If ever a song proved it can become iconic without storming the charts, it was Seven Nation Army. Despite peaking at a measly #76 on the Billboard Hot 100, the song became a stadium-rattling anthem. Ben Blackwell, Jack White’s uncle and Third Man Records co-owner, recalled watching the White Stripes play at the Pinkpop Festival in the Netherlands in 2004. When the fans wanted an encore, they didn’t chant lyrics but the now-famous riff of “Seven Nation.” SP

“Devotees can quibble about songs they wish had been included, but the essentials all seem to be here, from ‘Seven Nation Army’ to…Dead Leaves and the Dirty Ground to Hotel Yorba.” PS The cover of Jolene “still sounds as rough-hewn and foreboding as Dolly Parton’s original is polished and pleading, while the grumbling clavioline and savage guitars on Icky Thump are just as abrasive and disorienting as they ever were.” PS

Considering how many non-album singles the Stripes released, this collection could have done a great service by gathering them together here, but instead they only include two non-album cuts (the aforementioned “Jolene” and Let’s Shake Hands). It’s also surprising they didn’t dig up anything from the vaults to give this more appeal to completists.

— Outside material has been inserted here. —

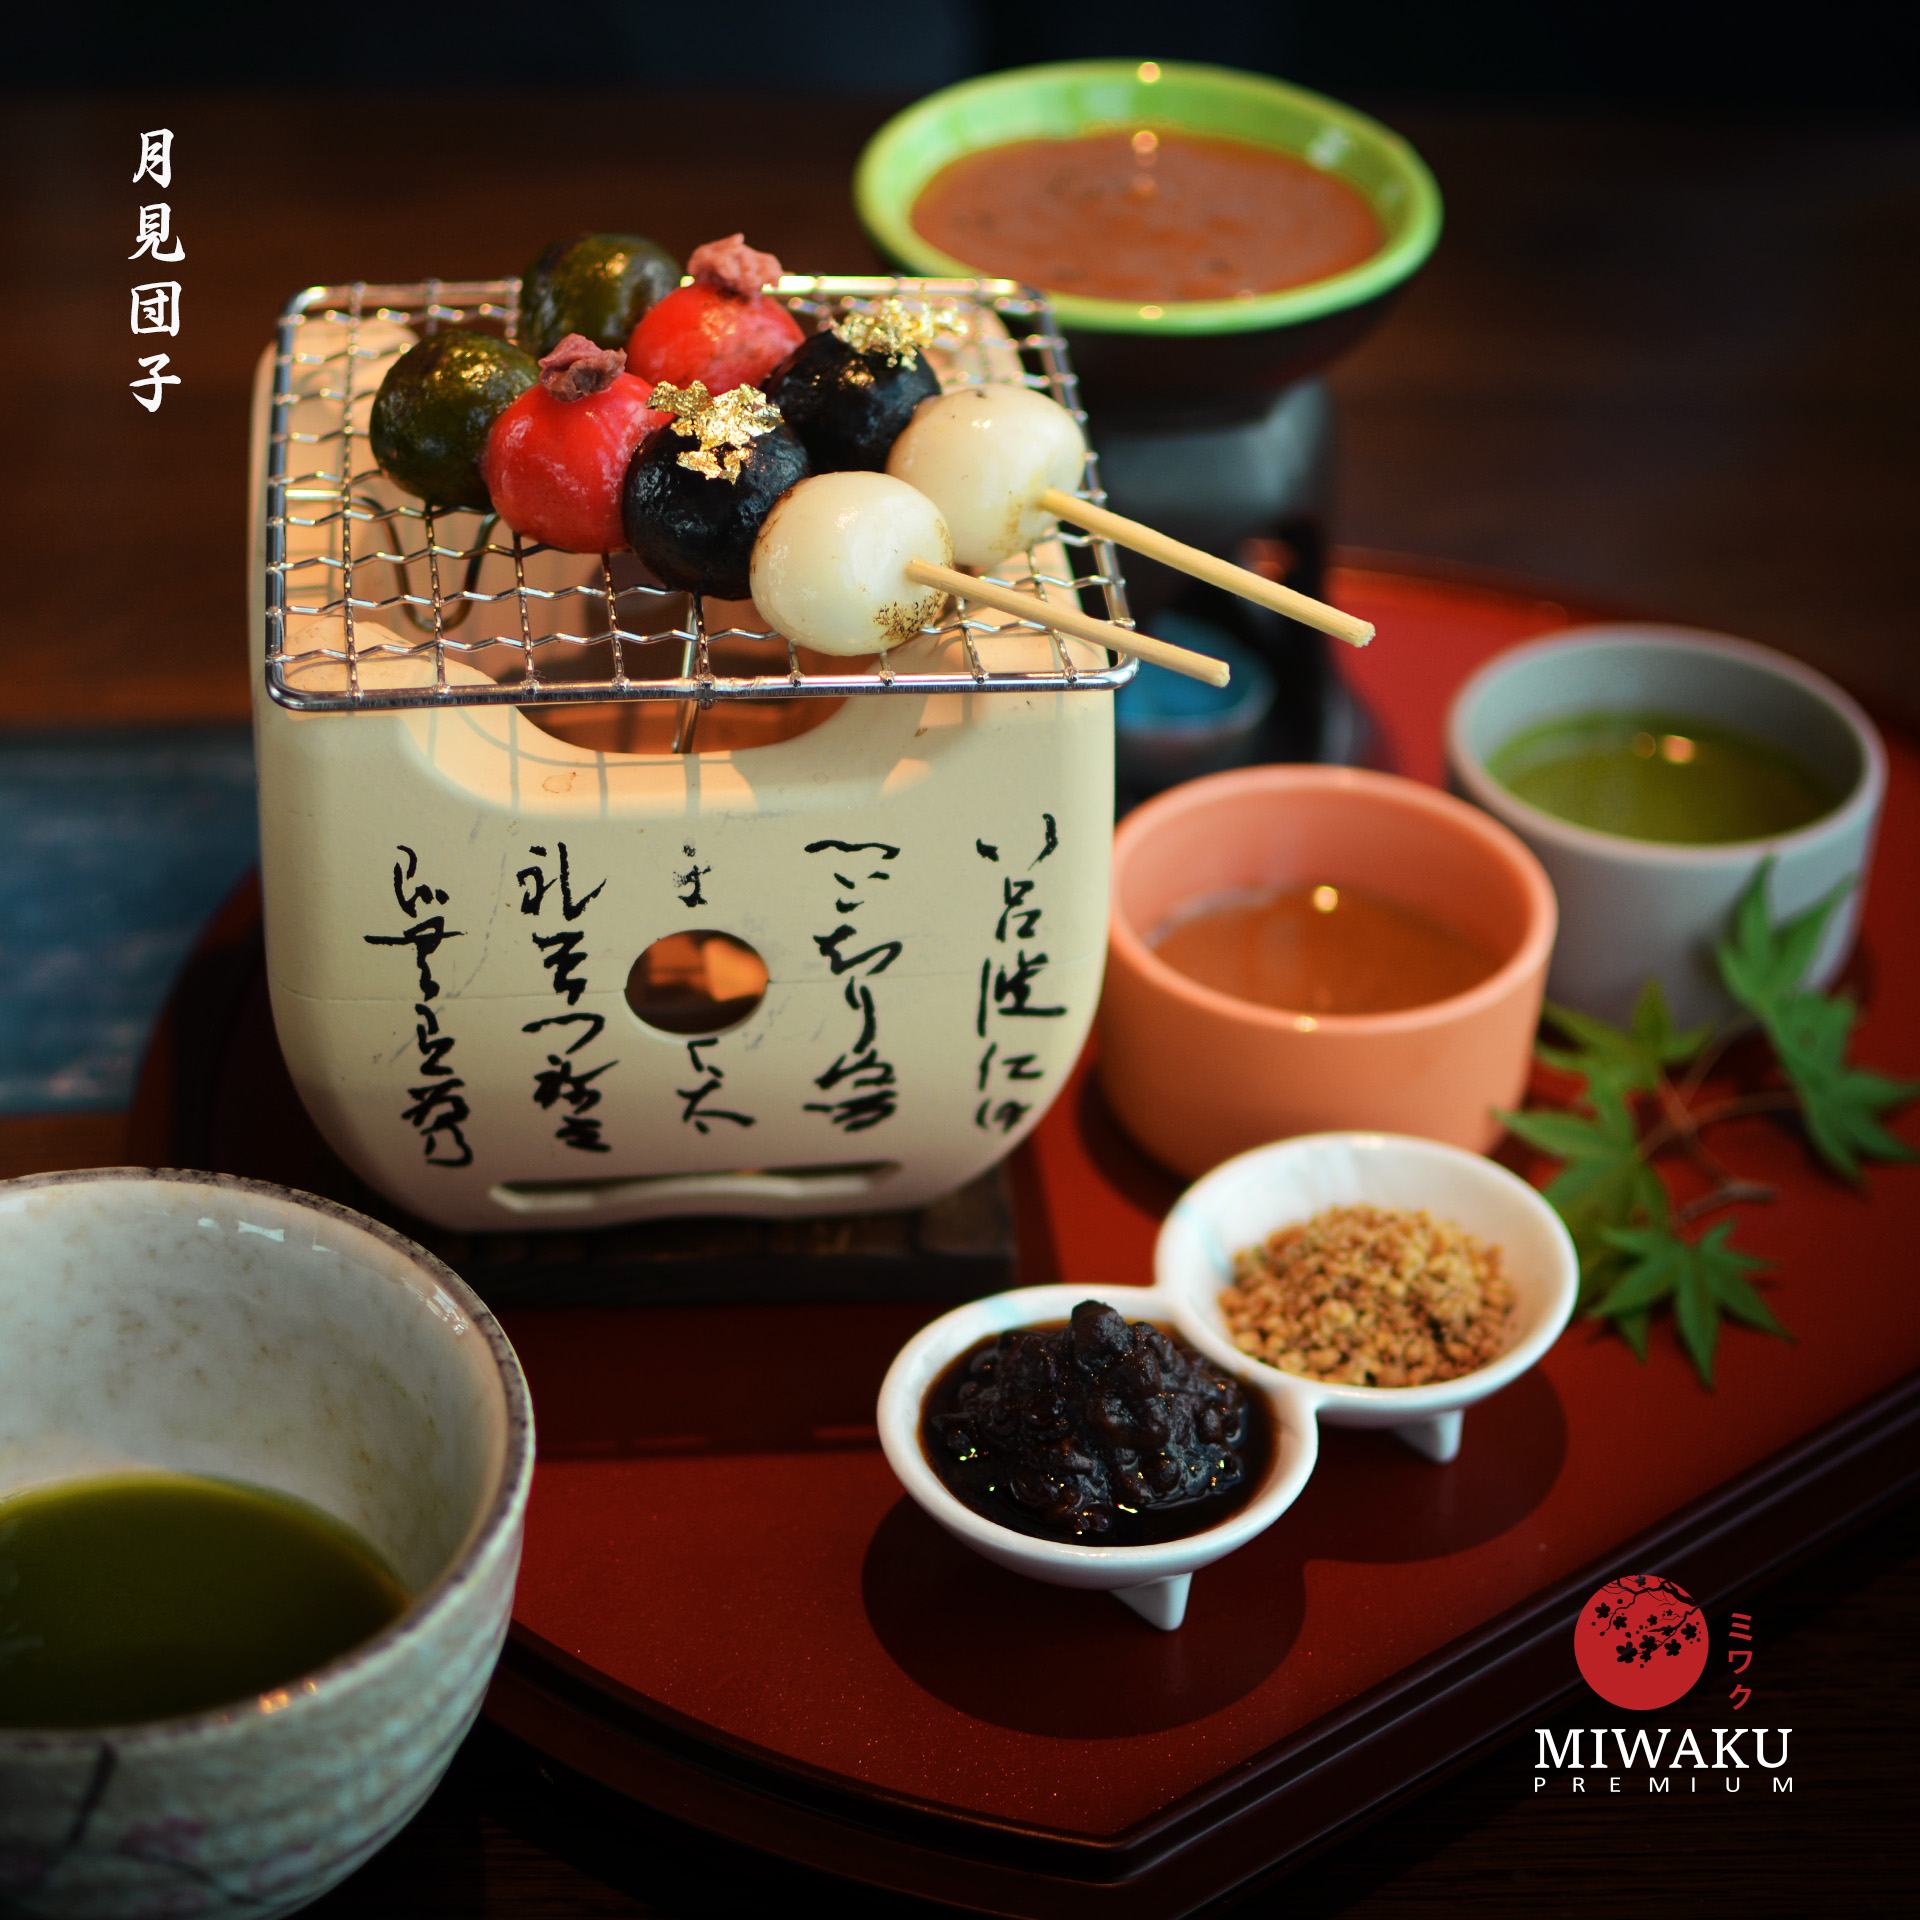 Miwaku Premium - Japanese Fusion Cuisine

The non-chronological tracklisting “demonstrates anew just how idiosyncratic The White Stripes could be from song to song. The gnashing industrialized murder ballad The Big Three Killed My Baby, from the band’s self-titled first album in 1999, contrasts with the chaotic punk energy of Fell in Love with a Girl, the band’s breakthrough single, from White Blood Cells in 2001. By the same token, the waves of melodramatic despondence that build throughout their cover of Burt Bacharach’s I Just Don’t Know What to Do With Myself, from 2003’s Elephant, set up the terse, punchy garage-blues riffs of Astro, from the first album.” PS

Greatest-hits packages “once served as gateways into bands’ catalogs, or, ideally, a worthwhile survey of the high points of an act’s career. The White Stripes Greatest Hits is both of those things.” PS “In an era of streaming where the idea of a Greatest Hits album may seem irrelevant,” AZ there is something appropriately retro about such a release from a group that felt like a throwback even when they first emerged twenty years ago.